Blankenburg giveth … and then gaveth to somebody else. The defender got stuck in a sumo match in the Colorado crease with 7:17 left in the second. That caused enough traffic in front of Wedgewood to obscure the goalie’s eye-line, and Quinn Hughes, Minnesota’s Makar, lasered one from the blue line that beat Wedgie in the top corner. The Wild knotted up a wild one at 4-4.
A defensive corps already missing Josh Manson looked more rusty than rested after 40 minutes. Foligno’s shot was bad enough. Makar’s fellow D-man, Sam Malinsky, took one in the chops in the middle of the tilt, spitting blood all the way back to the home bench.
Center Nazem Kadri (91) of the Colorado Avalanche celebrates scoring on goaltender Jesper Wallstedt (30) of the Minnesota Wild during the third period of Game 1 of the second round of the Stanley Cup Playoffs on Sunday, May 3, 2026, at Ball Arena in Denver. (Photo by Timothy Hurst/The Denver Post)

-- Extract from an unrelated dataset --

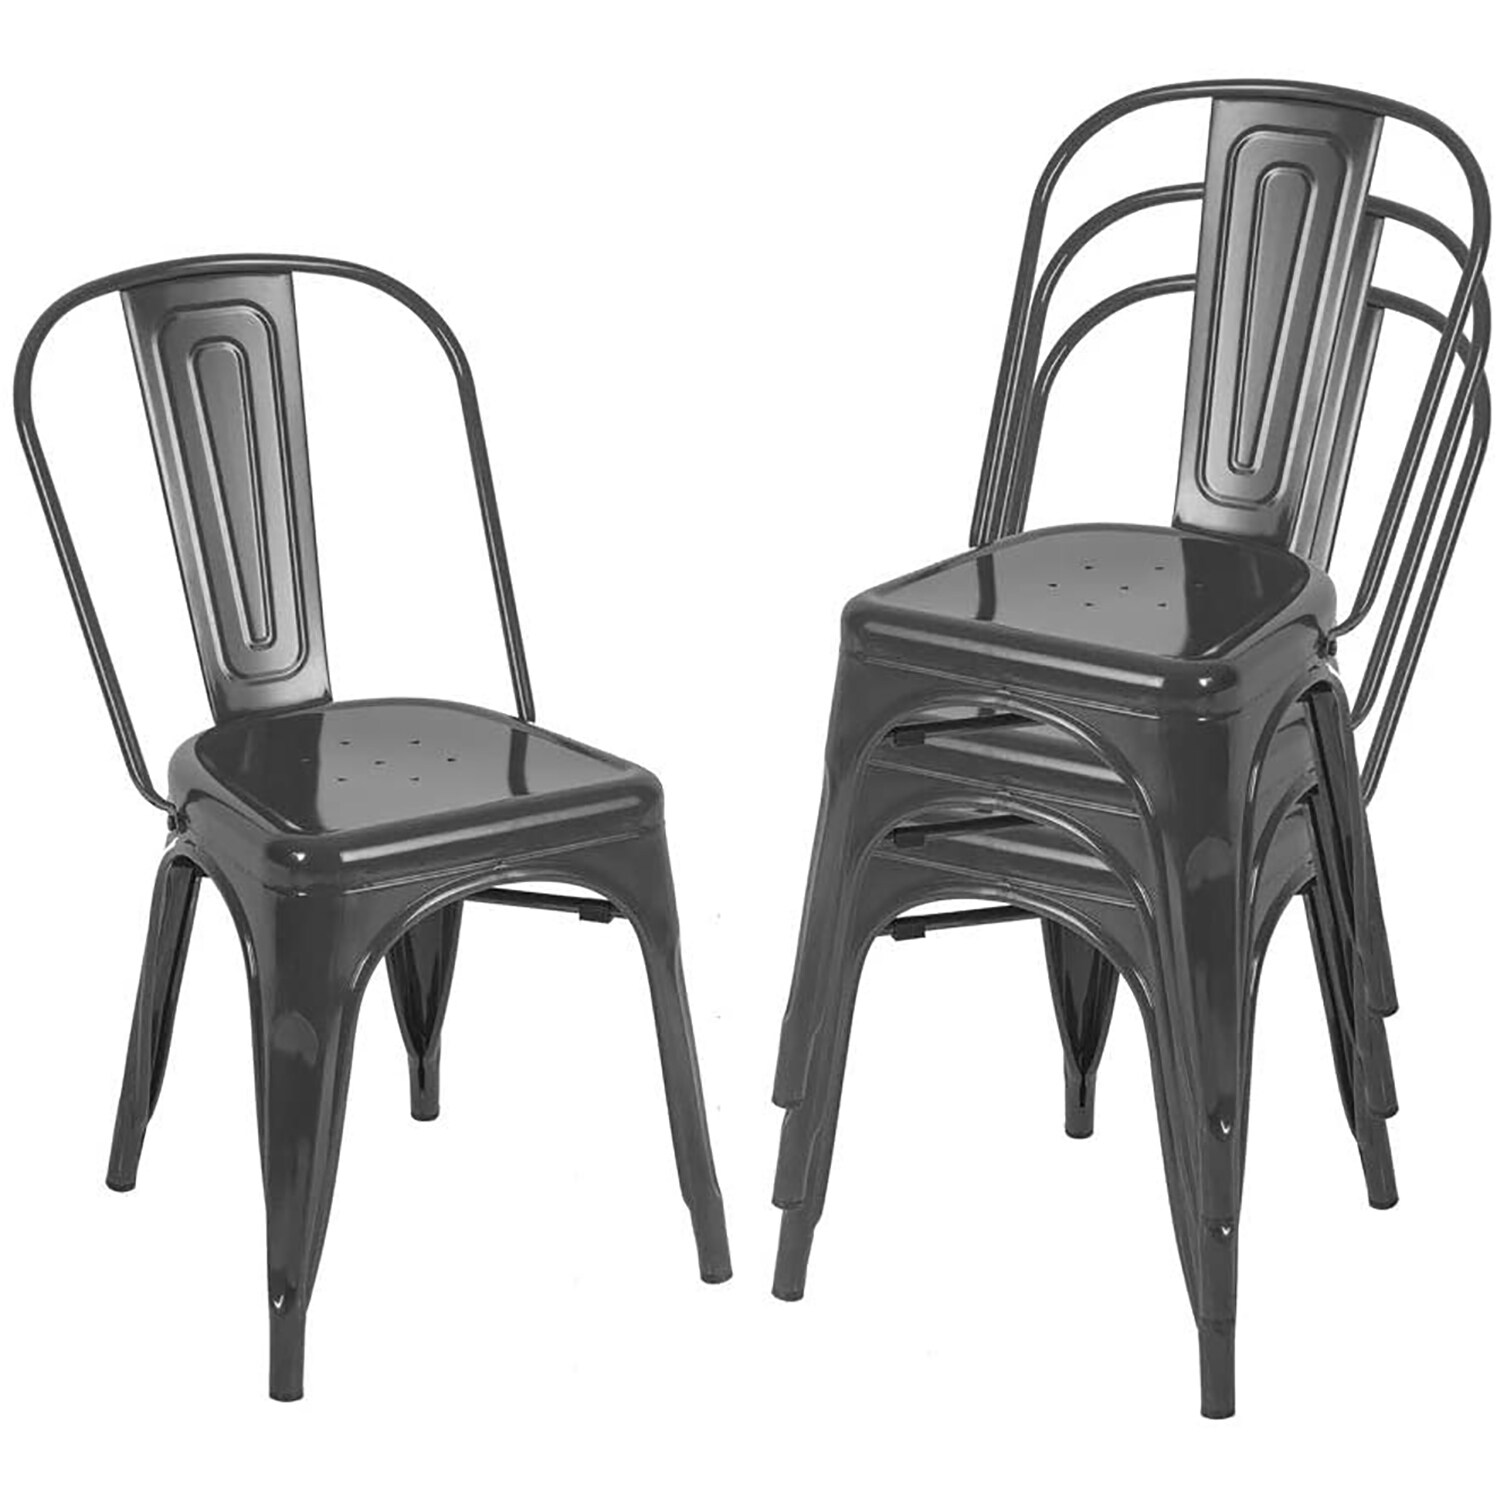 Kitchen Dining Room Chairs Stackable, Heavy Duty Metal Dining Room Chairs

“But I’ll say, there’s not too many guys this time of year that aren’t playing hurt,” Avs coach Jared Bednar noted. “That’s what makes the playoffs great. That what’s expected. It’s not a one-off.”
While Makar was being treated, Malinsky paired with Devon Toews and, in Cale fashion, got the hosts on the board first with authority. The Avs looked as if they might roll from there, scoring twice in 53 seconds.
Colorado’s third goal of the opening stanza was a MacKinnon special off a power-play rush. The Avs’ leading scorer fired at the Minnesota goal, caught his own rebound, stopped, turned left, and slid the puck diagonally to a hard-charging Artturi Lehkonen. The Finnish winger buried the wrister for a 3-0 lead that should’ve buried the Wild.
Only it didn’t.
Once Minnesota began working the puck from behind Wedgewood’s net, the Avs’ injury-riddled defense started to unravel. The Wild turned a corner scrum on the Avs’ side of the ice into a loose puck in front of Wedgie’s crease, and Minnesota’s Marcus Johansson slipped it past the Avs’ flailing netminder to trim the deficit to 3-1.
With 4 minutes left in the first period, Hughes played keepaway behind the Colorado net from a defending Brock Nelson. Hughed backhanded the biscuit to a wide-open Ryan Hartman in the crease, whose point-blank shot trickled under Wedgewood to make it 3-2.
“Yeah, it’s not fun when you kind of tweak something,” Makar said later. “But, again, it happens. You’ve got to be ready for it. So I had to check a couple things out and make sure it was good to go. Yeah, it felt good.”
It only hurts when he laughs. At this time of year, better to do it last.